Gaming During Covid

Ronald Myers

Covid has had widespread effects on the world, including gaming. In my personal life I’ve noticed a great deal more time on my hands to play games I desire. Between myself and my partner, who lives down in Arizona, we’ve found that covid has actually been a blessing, spurring us to try new games that we wouldn’t have before such as the “We Were Here” series.


Games have reached new heights across the spectrum with games such as “Cyberpunk 2077” has reached record numbers of sales. Meanwhile on the opposite end of gaming “The Last of Us 2” received massive backlash for its portrayal of trans people. The controversy went so far as to garner widespread coverage months before the release when the scene in question had been leaked and bipartisan condemnations on social media. Needless to say that COVID has greatly changed the gaming landscape.


“I’m able to play more time consuming games if you will,” said Aaron Olson, a senior at LOHS, “I started playing “Minecraft” again, I didn’t think I’d do that. Like ‘Red Dead Redemption’. For example, I’ve been playing for this just by myself just building up because it’s passive and I have time.”


Minecraft is a widely popular sandbox game that originally peaked in popularity during the 2010s. However, between the new updates that have introduced a great deal of new content and groups of minecraft content creators such as the members of “Hermitcraft” and “Dream Survival Multiplayer.”


Lakeridge Senior Max Taylor, who describes himself as an avid gamer, commented on the physical barrier to entry.


 “I’ve been affected less than average, as I had a PC that was decent that I was looking to replace before the pandemic, but I’ll have to wait since the graphics card I was going to buy is now the price of all the other parts combined,” said Taylor.

When questioned as to if Covid has changed the genre of games they enjoy they both commented stating they enjoyed first person shooters. 

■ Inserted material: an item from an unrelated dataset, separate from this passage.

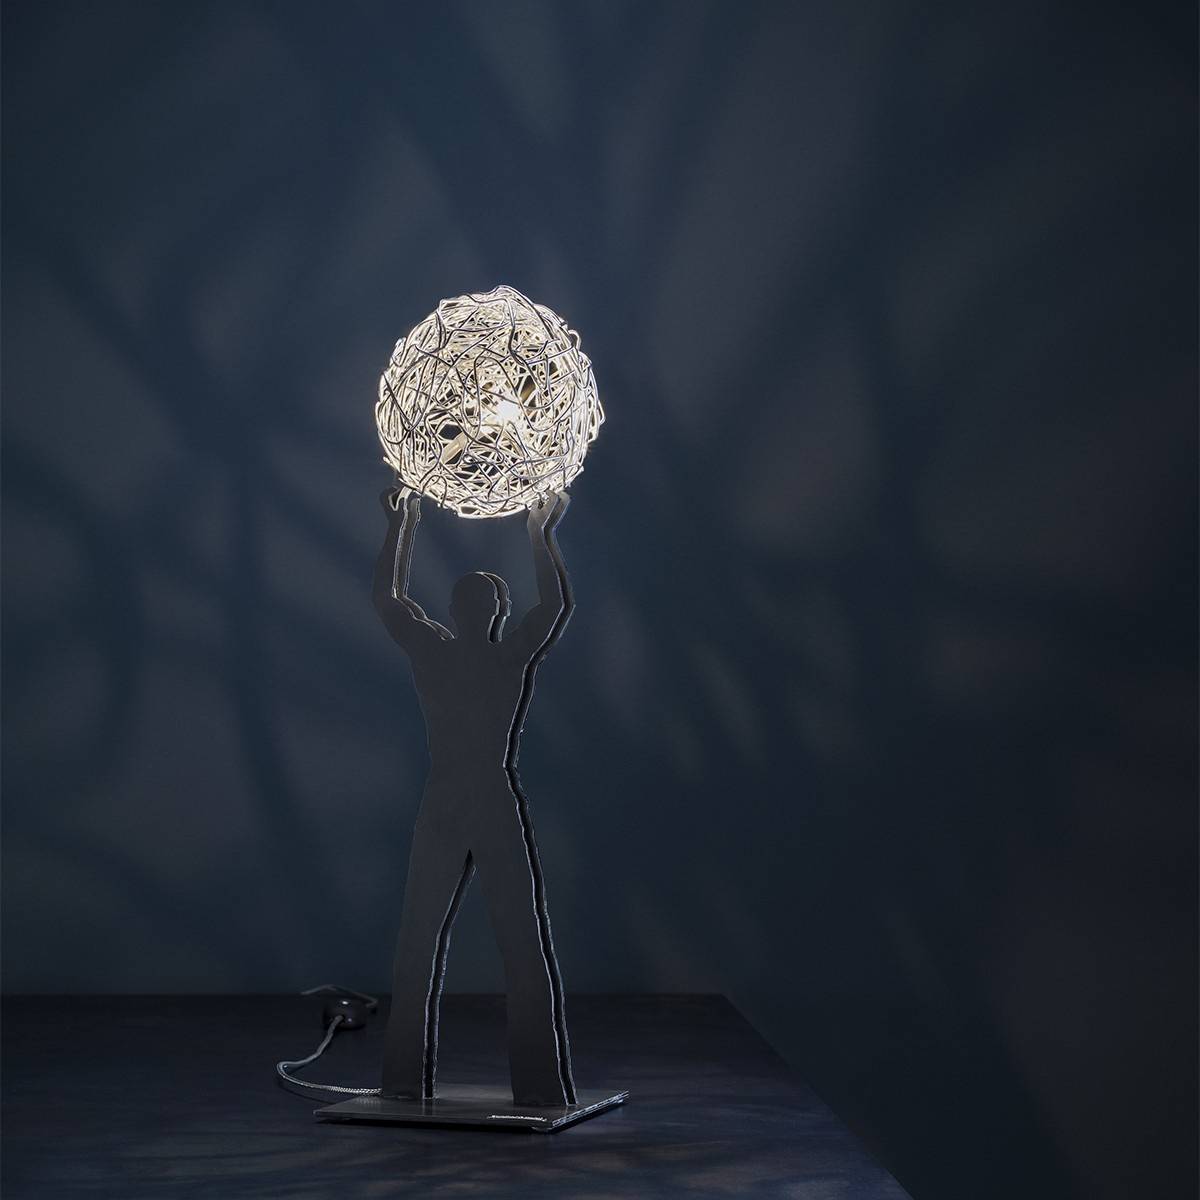 Catellani & Smith Uomo della Luce S Tischleuchte, Ø: 10 cm

When talking about his favorite game, “Rainbow Six Siege,” a tactical first person shooter, Taylor said, “Gaming pre-COVID was normal and it’s kinda stayed that way. I think it’s one of those things that hasn’t changed much for me and it kinda acts like a reminder of what normal is.”


“My favorite video game is ‘Valorant,’” said Mathew Bedolla, a freshman at LHS, when questioned about his favorite first person shooter. He went on to comment about the community saying that it had grown and that while some people could be toxic most people were chill. Additionally the game does have a feature where you can friend other players in order to play with them again. 


When talking about “Valorant” he commented that the game is free and can be gotten off the Riot Games website. He also said “it’s quiet fun and I recommend it to anyone who’s into first person shooters”


However it should be noted though that this widespread change has had some drawbacks. Since gaming is more in demand a questionably legal profession known as scalping has risen. Scalping is the process by which a person uses computer programs to continuously refresh a website page, waiting for a game, console, or piece of hardware to be released and then instantly buying the item. After this the scalper will immediately turn around and resell the item with large markups.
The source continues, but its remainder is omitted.